7. The method of claim 6, wherein in step S4, a U-net neural network is trained, the U-net neural network includes a set of encoder and decoder pairs corresponding to each other, the original image data is input into the encoder, a prediction value is obtained from an output of the corresponding decoder, and the loss function is calculated according to the prediction value and a true value corresponding to the original image.

8. The method according to claim 6, wherein in step S4, a GAN neural network is trained, the GAN neural network comprises cascaded generators and classifiers, before training, network weights of the generators and classifiers are initialized, false image data is generated by using random seeds after network parameters of the generators are initialized through migration learning and/or randomization, the classifiers are trained in a true value and updated, then random noise is used as an input of the generators, the network weights of the generators are updated through back propagation errors according to a true value and a predicted value output by the classifiers, and the performances of the generators and the classifiers alternately rise in repeated iterative training and training is continued until errors between the true value and the predicted value tend to be stable.

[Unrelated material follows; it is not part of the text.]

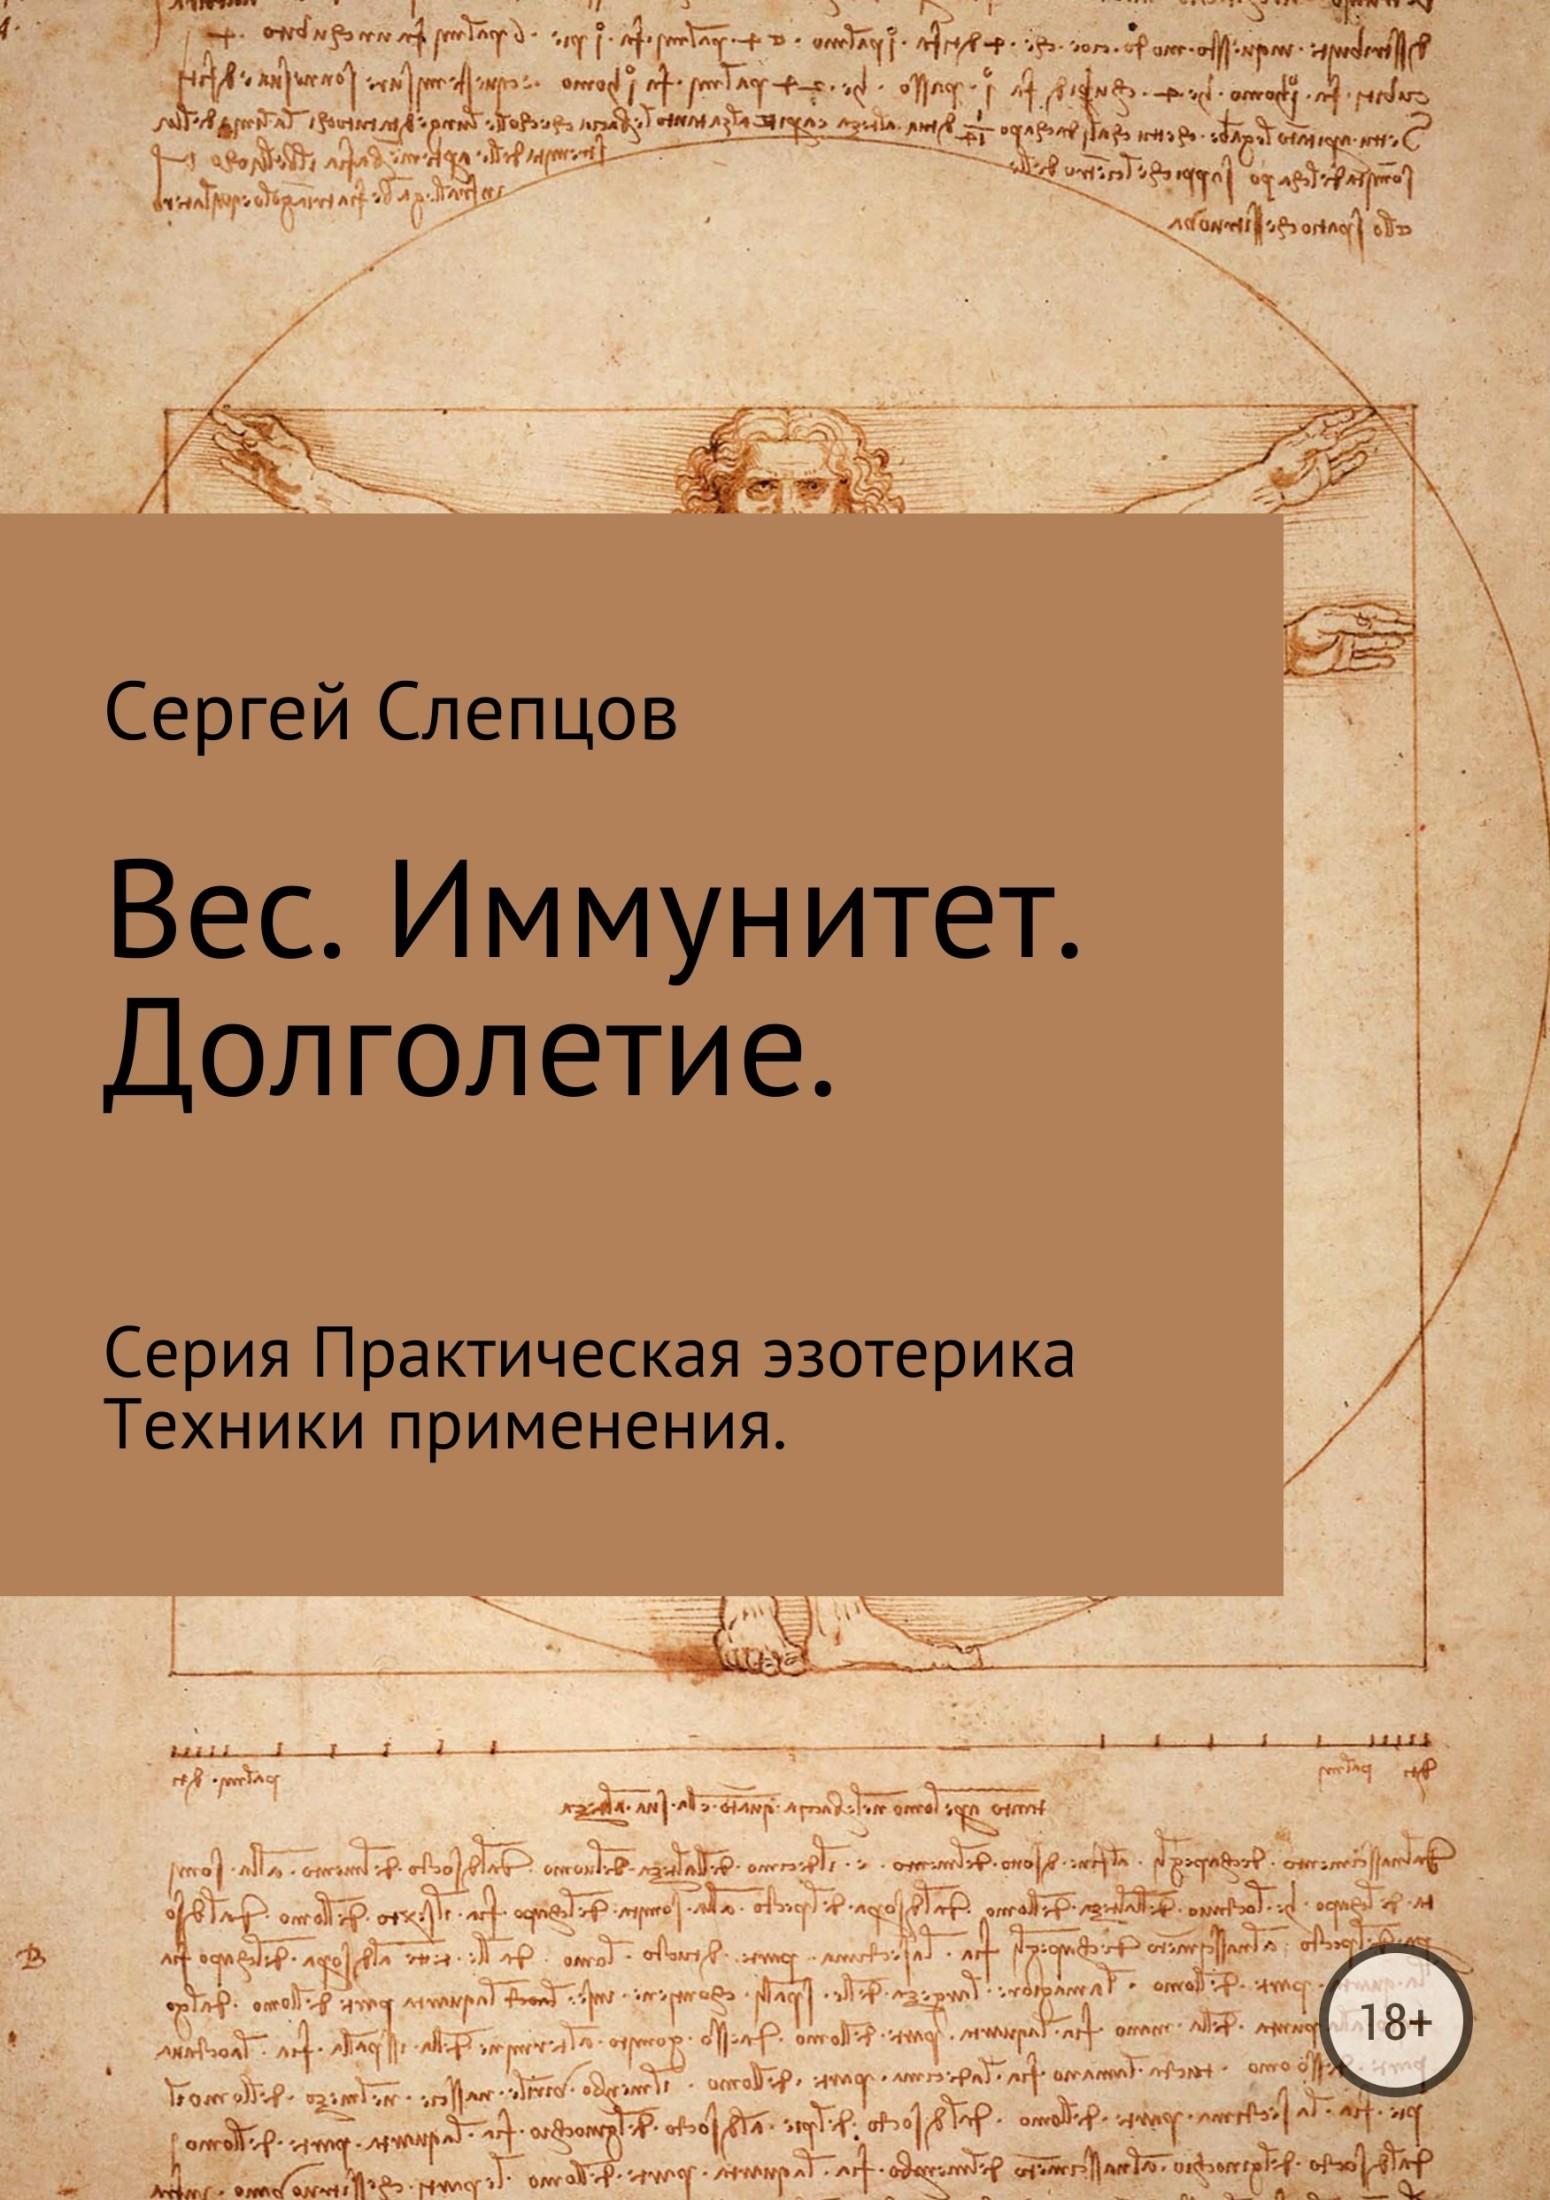 Сергей Иванович Слепцов бесплатно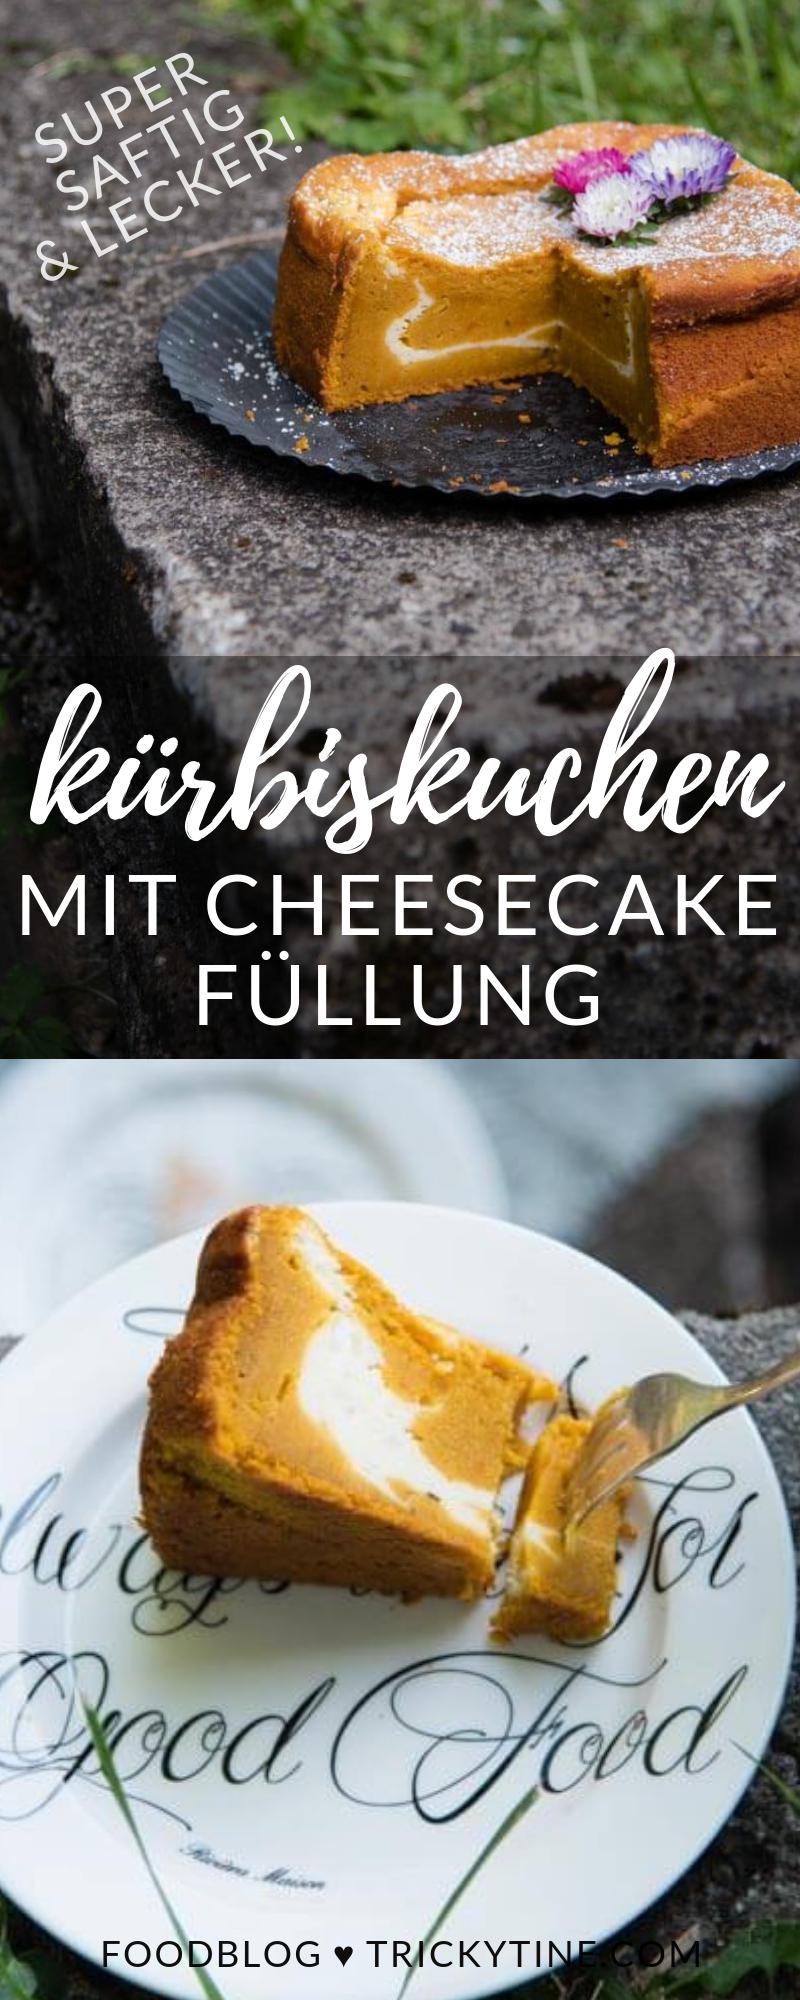 kuerbiskuchen cheesecake trickytine

9. The method according to claim 1, wherein after S5, model evaluation is performed to compare the difference between the predicted value and the true value for the neural network corresponding to each frequency domain channel by cross validation, and the neural network structure and parameters of the frequency domain channel are adjusted according to the difference; the evaluation and measurement modes comprise: similarity coefficients, degree of overlap, confusion matrix and its parameter accuracy, sensitivity, accuracy, receiver operating characteristics curve and area under the curve.

10. The method for ultrahigh-dimensional data reconstruction deep learning based on wavelet analysis as recited in claim 1, wherein in said S1, the image data preprocessing includes: image data labeling, image data enhancement, image data cleaning and image data normalization;

the image data label is used for labeling the collected image data;

the image data enhancement: expanding the image database, wherein the expansion mode comprises translation, rotation and scaling of image data;

and image data cleaning: filling missing values in the image data, and checking an abnormal object;

the image data normalization: a unified picture coding scheme is used.